Work to complete.
Leave every picture out, then reproduce the rest of the listing exactly.

Given material.
* * *

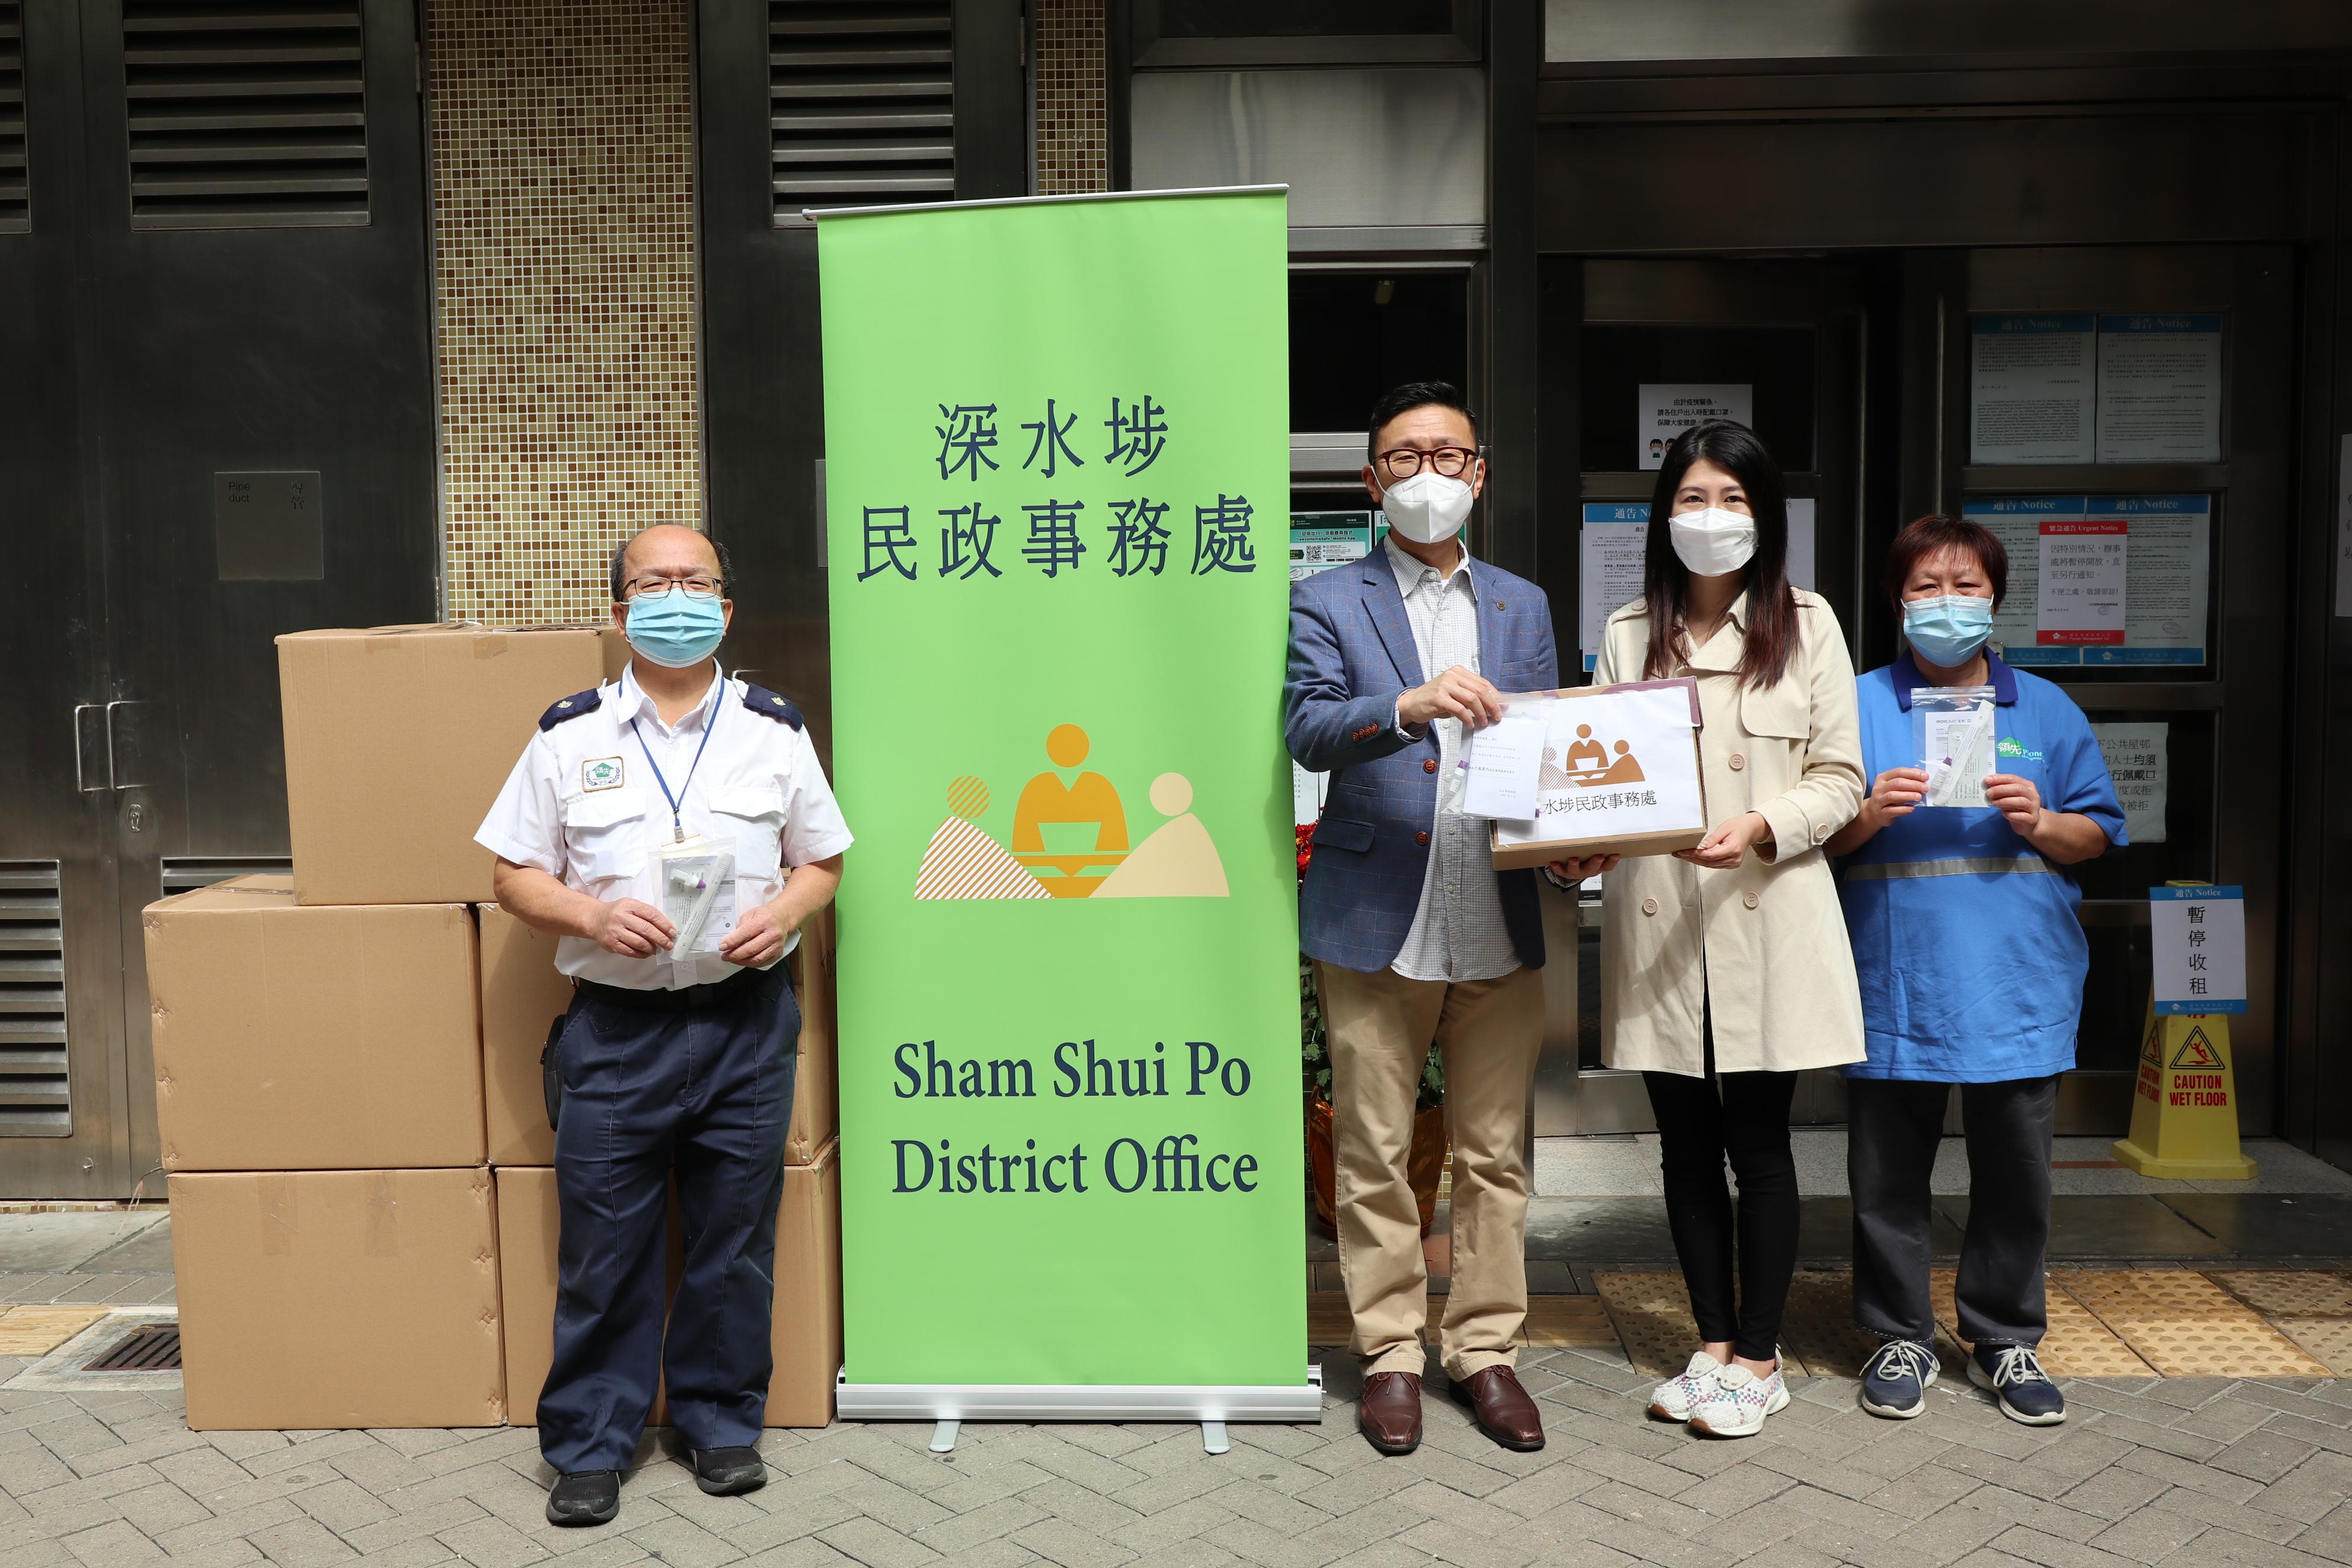 The Sham Shui Po District Office today (February 12) distributed rapid test kits to households, cleansing workers and property management staff living and working in Un Tai House, Un Wo House and Un Fung House for voluntary testing through the Housing Department and the property management company of Un Chau Estate.
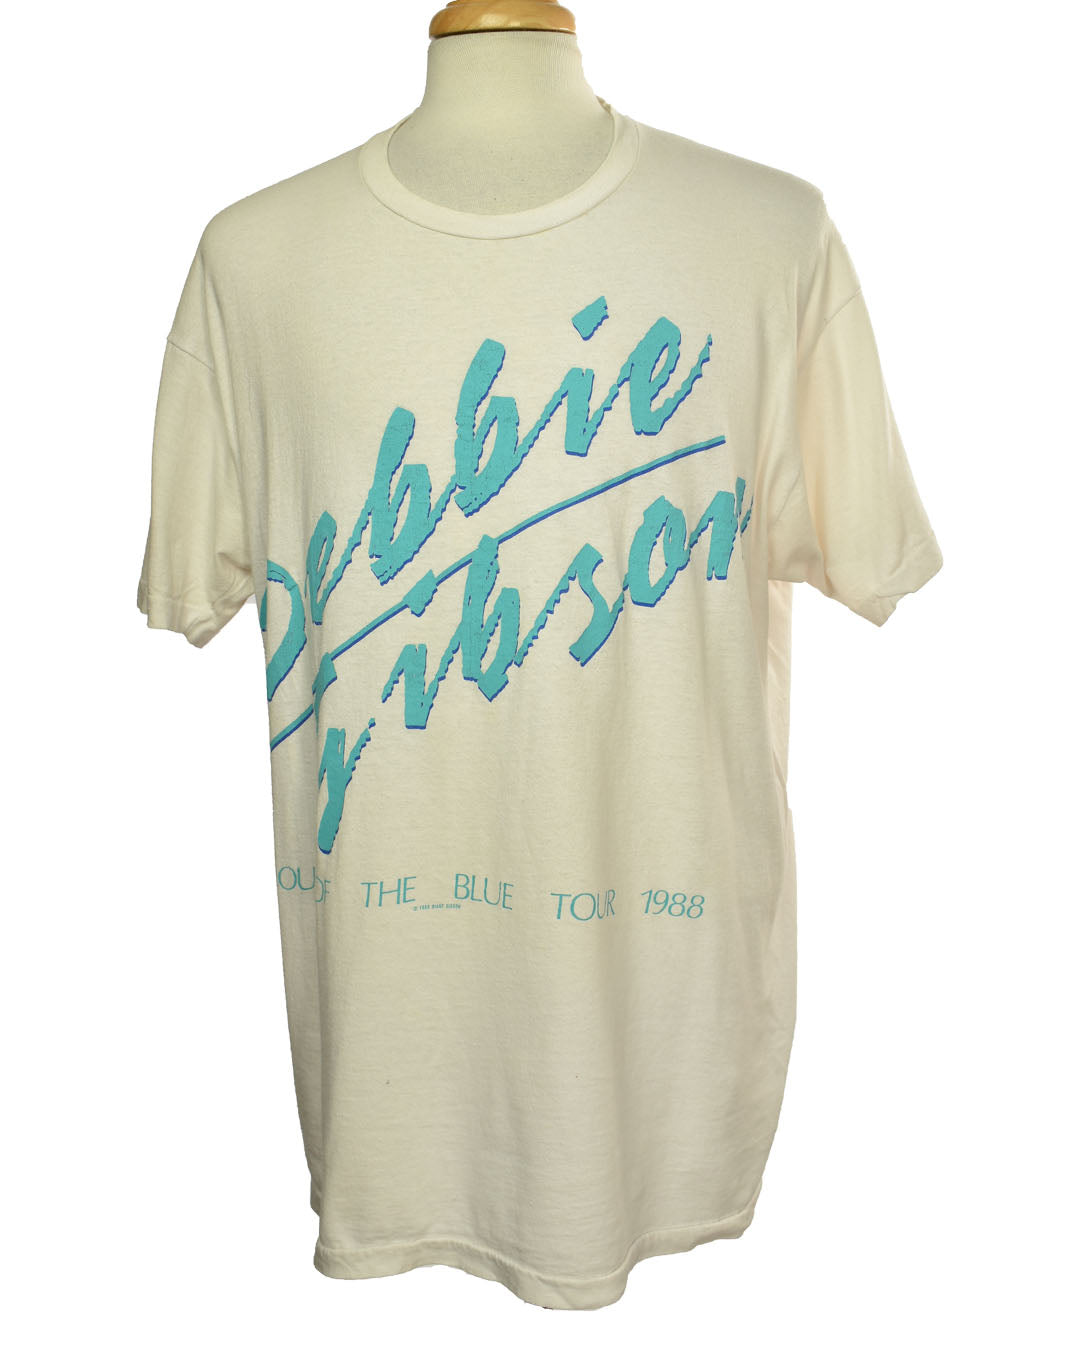 Vintage 1988 Debbie Gibson Out of the Blue Tour Tee Shirt
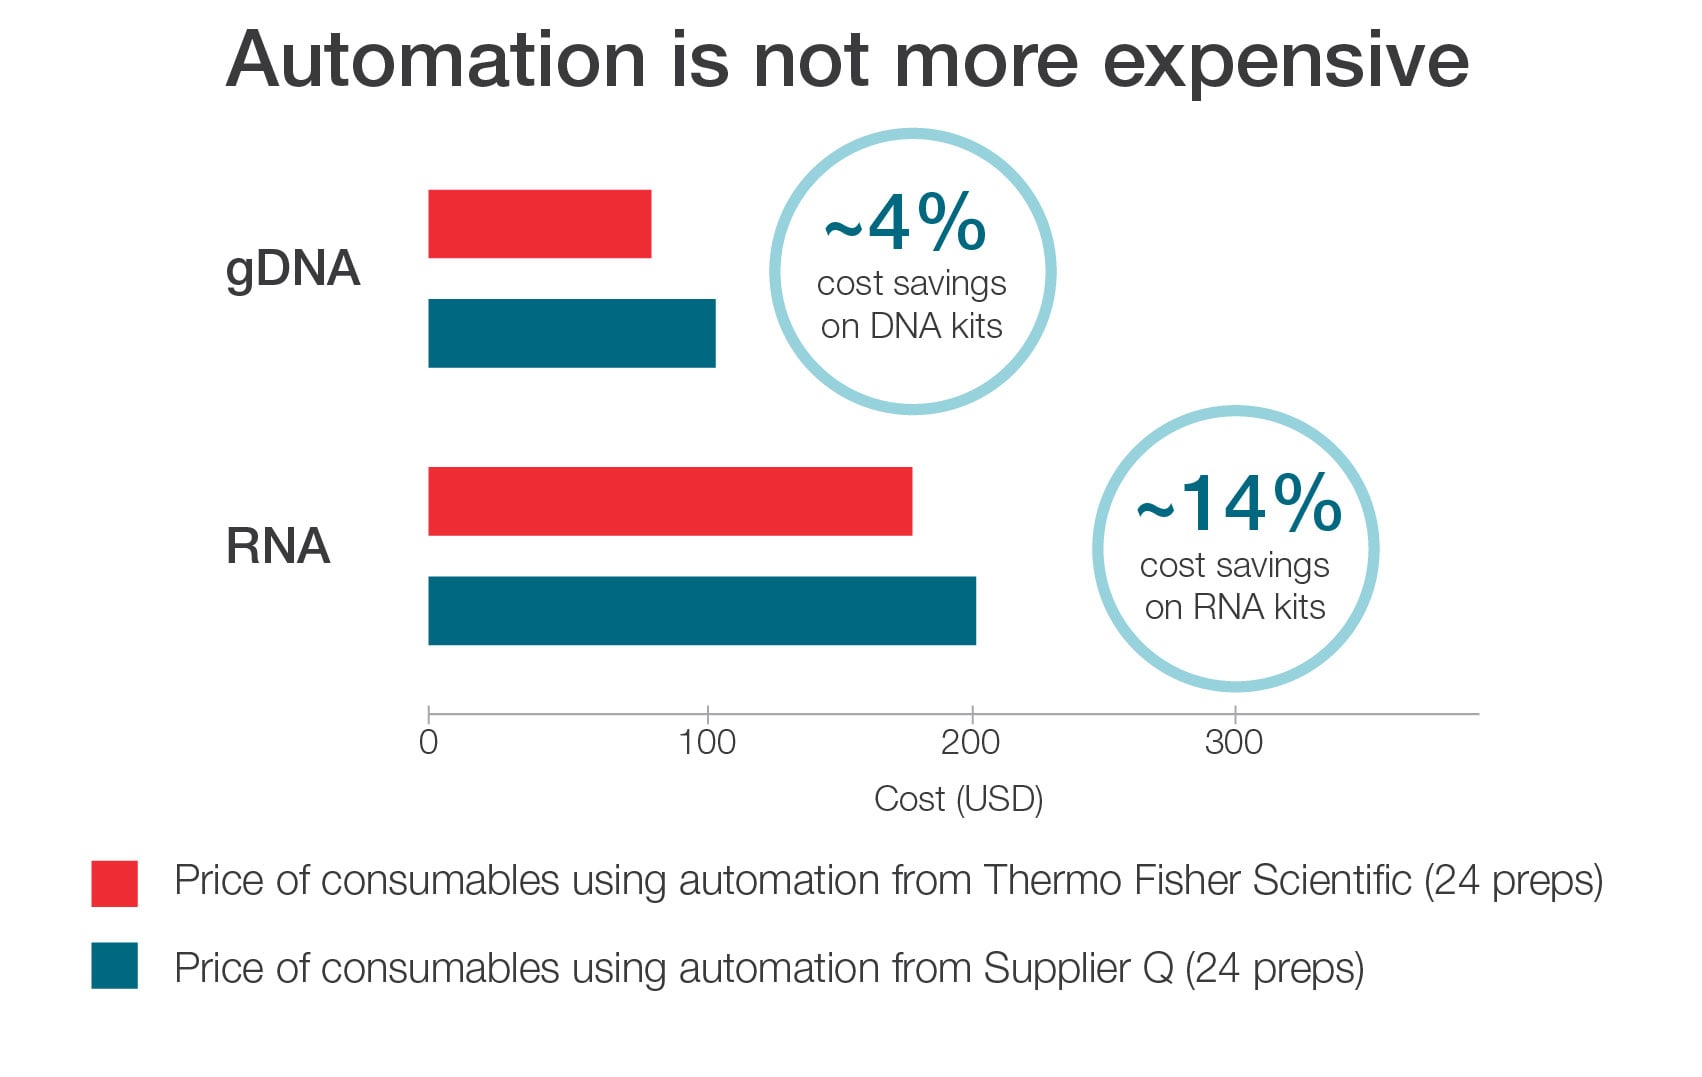 Automation is not more expensive

* * *

Completed exercise.
 The Sham Shui Po District Office today (February 12) distributed rapid test kits to households, cleansing workers and property management staff living and working in Un Tai House, Un Wo House and Un Fung House for voluntary testing through the Housing Department and the property management company of Un Chau Estate.
 Vintage 1988 Debbie Gibson Out of the Blue Tour Tee Shirt
 Automation is not more expensive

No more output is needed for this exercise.